- SOURCE DATA -
□ □ □ □ □ □ □
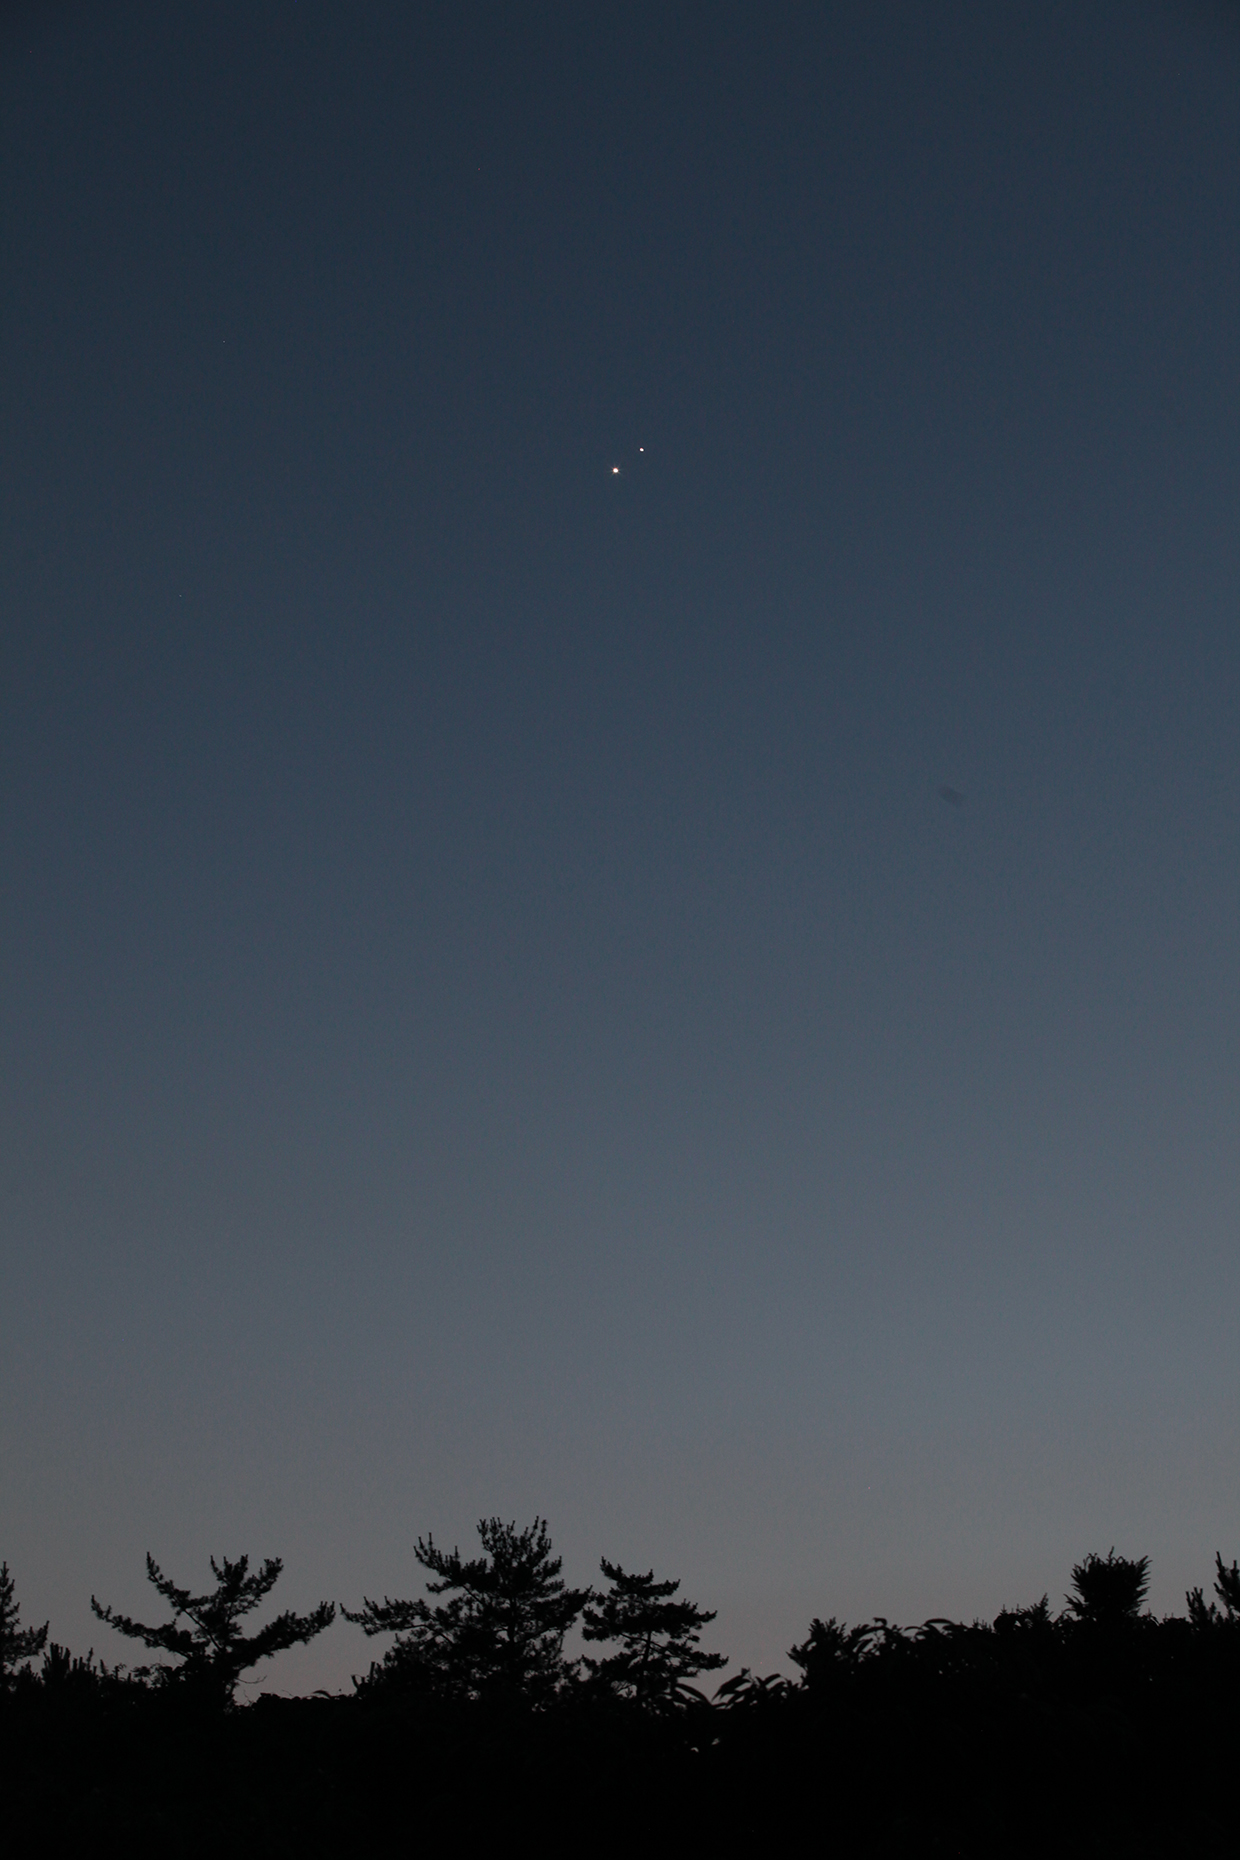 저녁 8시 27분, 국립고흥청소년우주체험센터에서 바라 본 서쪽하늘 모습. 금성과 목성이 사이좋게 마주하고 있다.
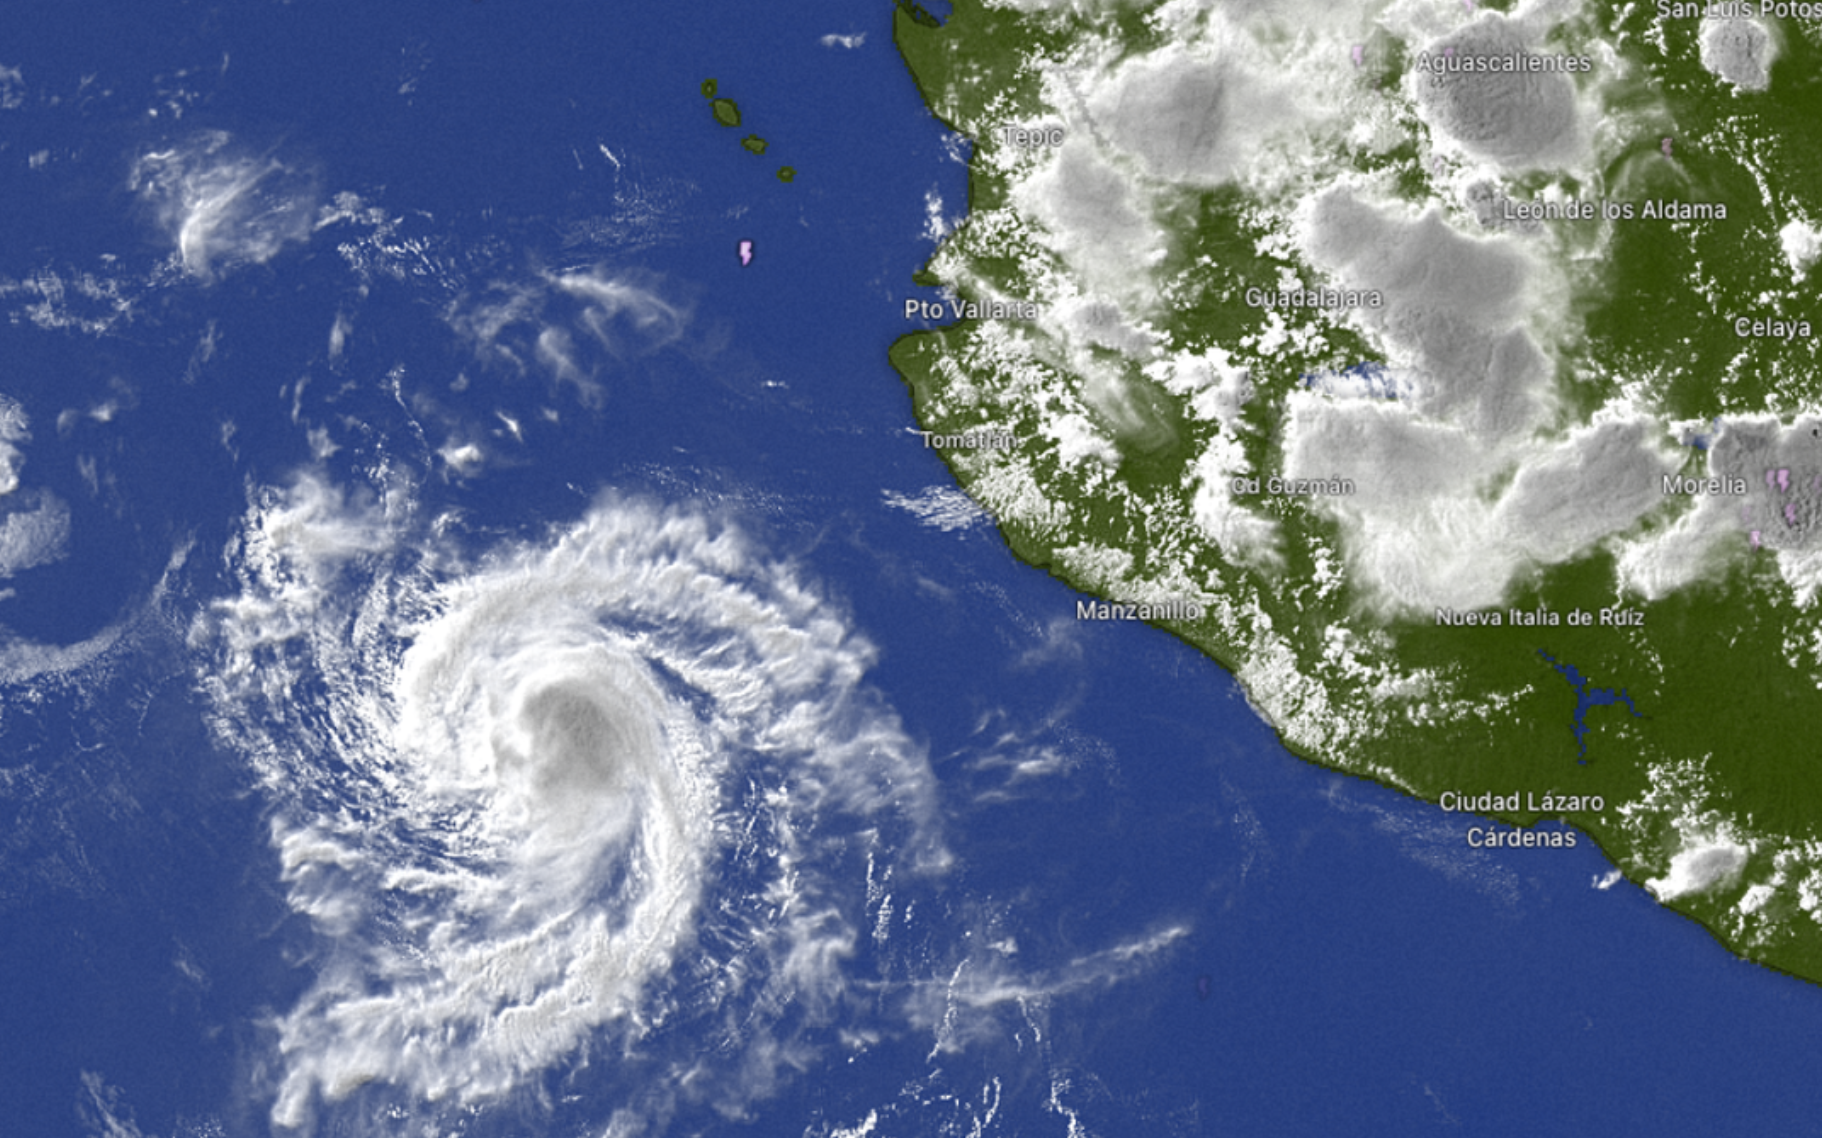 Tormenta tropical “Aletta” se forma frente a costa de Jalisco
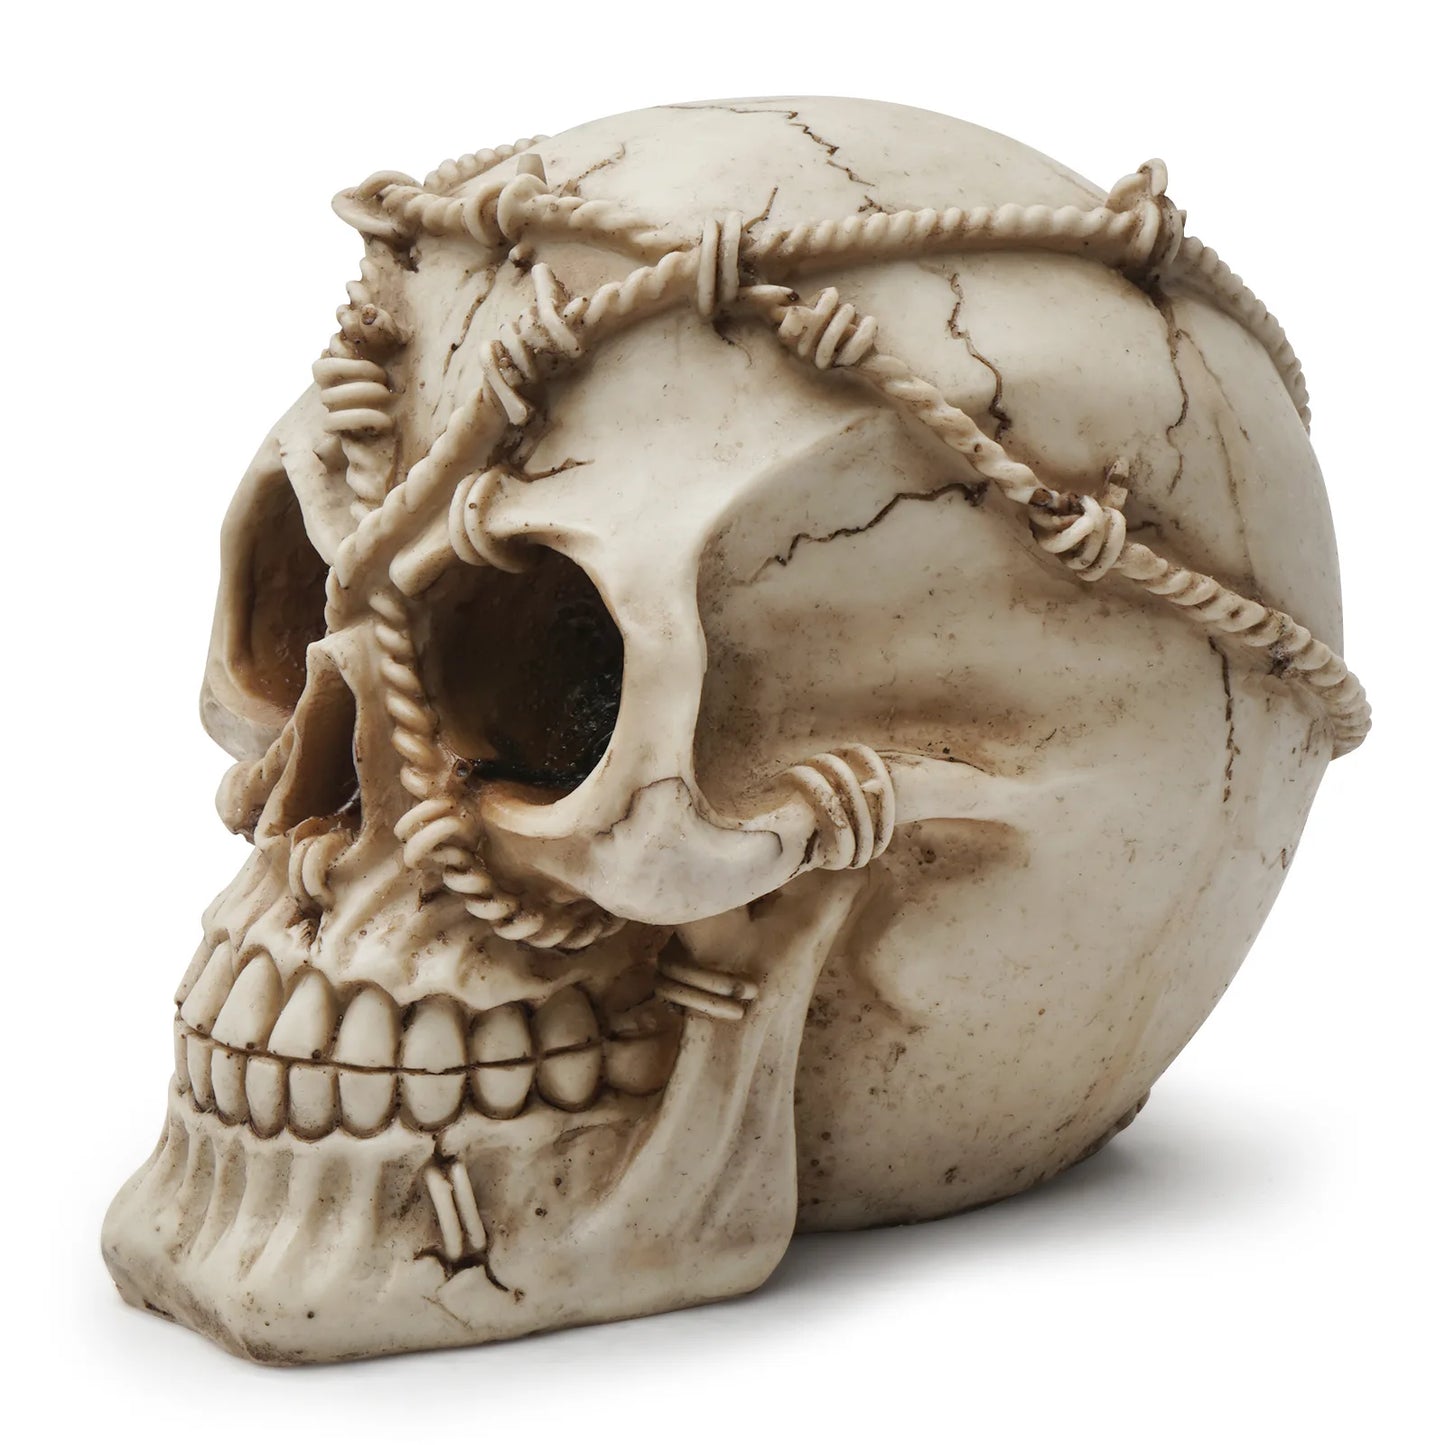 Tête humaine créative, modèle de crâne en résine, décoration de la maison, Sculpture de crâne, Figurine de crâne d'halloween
□ □ □ □ □ □ □
- ASSIGNMENT -
Write out every line above again exactly, with the pictures left out.

- TASK RESPONSE -
 저녁 8시 27분, 국립고흥청소년우주체험센터에서 바라 본 서쪽하늘 모습. 금성과 목성이 사이좋게 마주하고 있다.
 Tormenta tropical “Aletta” se forma frente a costa de Jalisco
 Tête humaine créative, modèle de crâne en résine, décoration de la maison, Sculpture de crâne, Figurine de crâne d'halloween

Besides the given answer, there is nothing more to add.